You see I know you know. Robin
Williams died yesterday. There has been much written about it and rightly so.
He was a genius, with lots of works created, some brilliant, some awful, some
strangely successful money wise but a man who suffered with depression, even
though some might say “he was the funniest man in the world.”
It is truly saddening that Robin Williams
has died, what might be more saddening is the negative social media reaction
around this which has caused his daughter Zelda
to delete her Twitter account after receiving cruel tweets following her
father's death. We can conclude we live in strange times and some
people have no respect.
But...
In the end an opportunity for goodness.
What I hope is what his death does
do is “give” us all the opportunity to be more open about depression. Especially
amongst my peer group of entrepreneurs and people who work in start ups. As in the latest Gallup-Healthways Well-Being Index,
34 percent of entrepreneurs--4 percentage points more than other
workers--reported they were worried. And 45 percent of entrepreneurs said they
were stressed, 3 percentage points more than other workers.

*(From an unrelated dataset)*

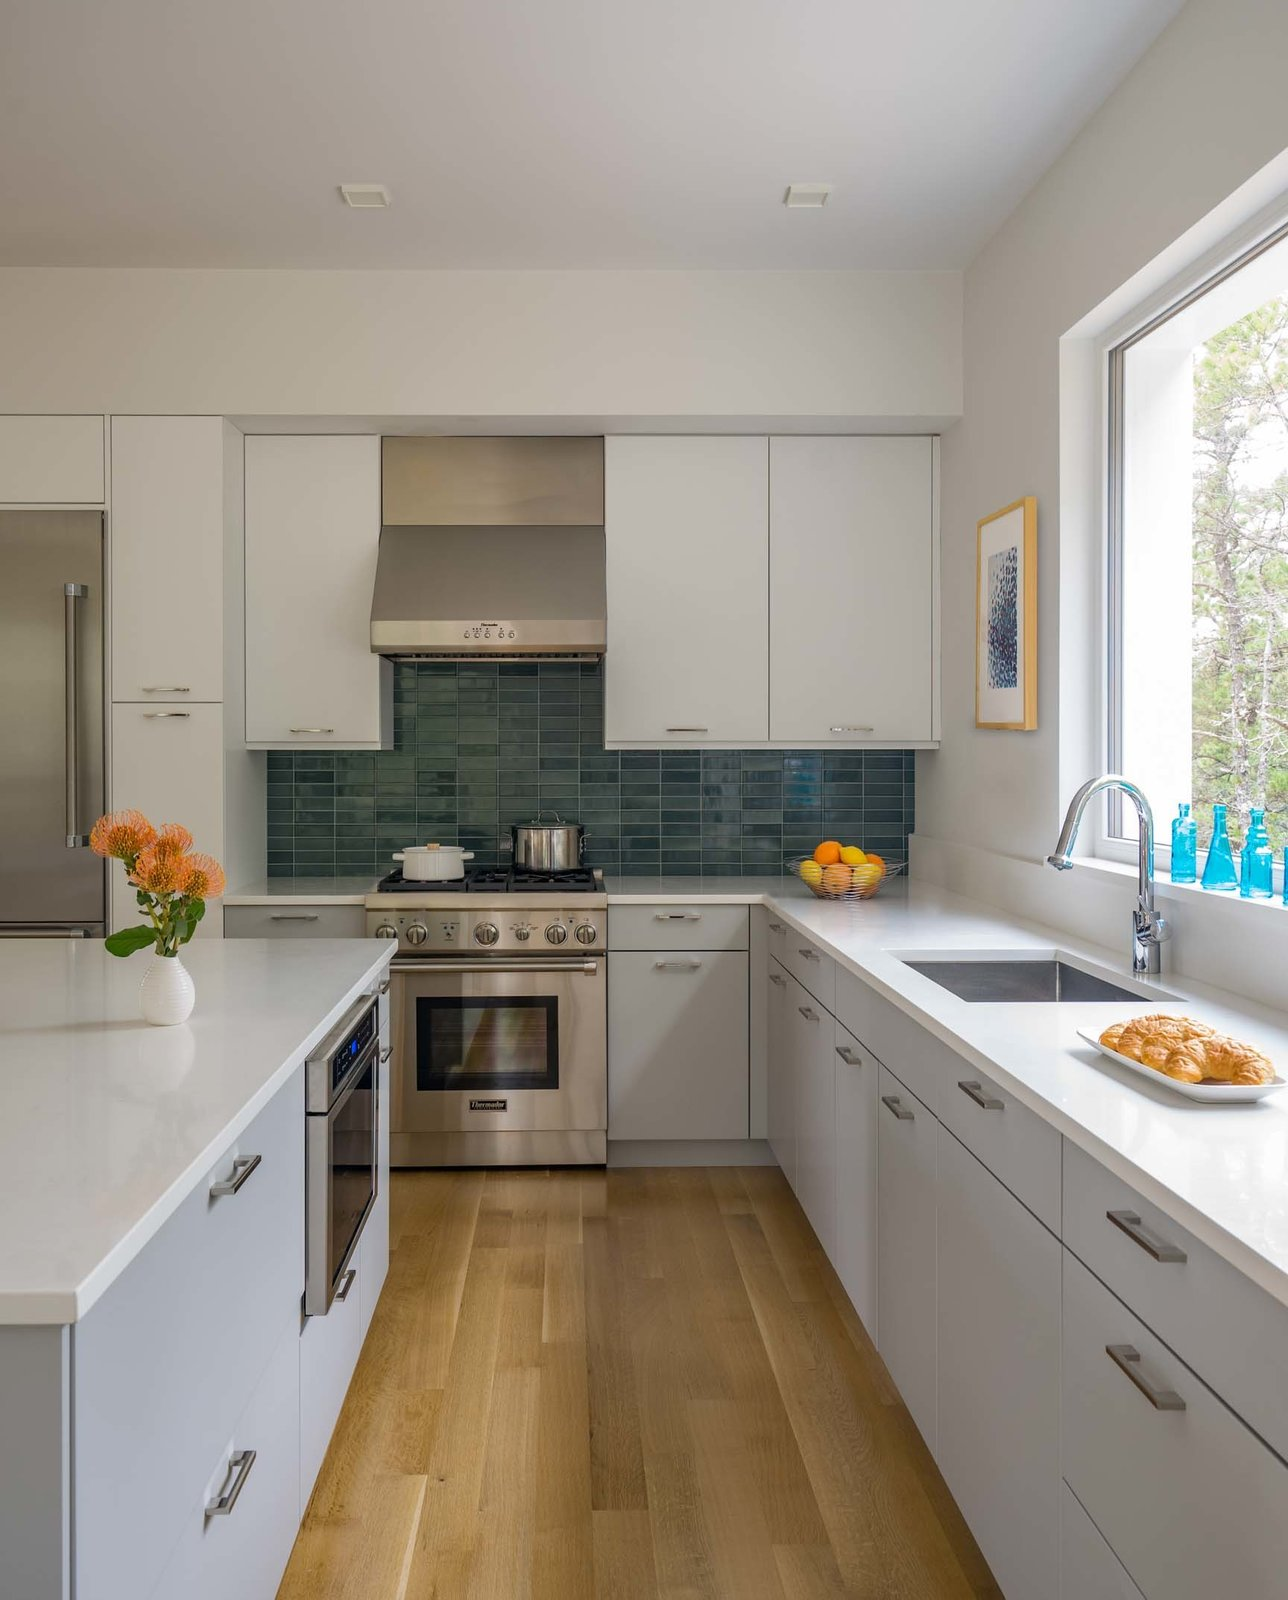 Kitchen, Range, Range Hood, Ceiling, Glass Tile, Undermount, and Wall Oven  Best Kitchen Ceiling Glass Tile Photos from Wellfleet Modern

This makes
sense as they start the business, but they are also much more likely to be
depressed. As Niall Harbison*, himself a successful entrepreneur
who suffered with depression states:
“Given the huge pressure that most
founders come under during the early days of a business, it is … more likely
that they’ll get it. I didn’t know what it was before, but now I know the signs
I see it happen to people all the time. It is such a taboo subject though that
nobody ever wants to talk about it because of the fear of being seen as a
failure.”
And from a personal point of view from a social media friend of mine in
Manchester, Rachel Thompson, wrote this blog this morning saying:
“Hearing that this well-known, well-respected, genius of a
man could no longer cope with his battle spurred me to write something about my
own experiences. I’ve toyed with it for a number of months, even thinking that
it would help me to deal with my own ‘journey’ but it’s taken until this time
to finally be able to write it down.”
That blog is here and wonderful. God speed
Rachel. And again fair play for writing it – you have more guts than I…. Another
friend of mine Steve Kuncewicz who applauded Rachel today might be right in saying:
Rachel is “one of the brightest, most
able and generally brilliant people I know.” And it would seem that with genius comes depression but is it that dry
cut?
The Taboo of Depression in Startups.
With a different angle for myself,
depression is something that is finally being “called out” in the
entrepreneurial community. Finally! As reported only a month ago , in this award
winning blog “The Psychological Price of Entrepreneurship.”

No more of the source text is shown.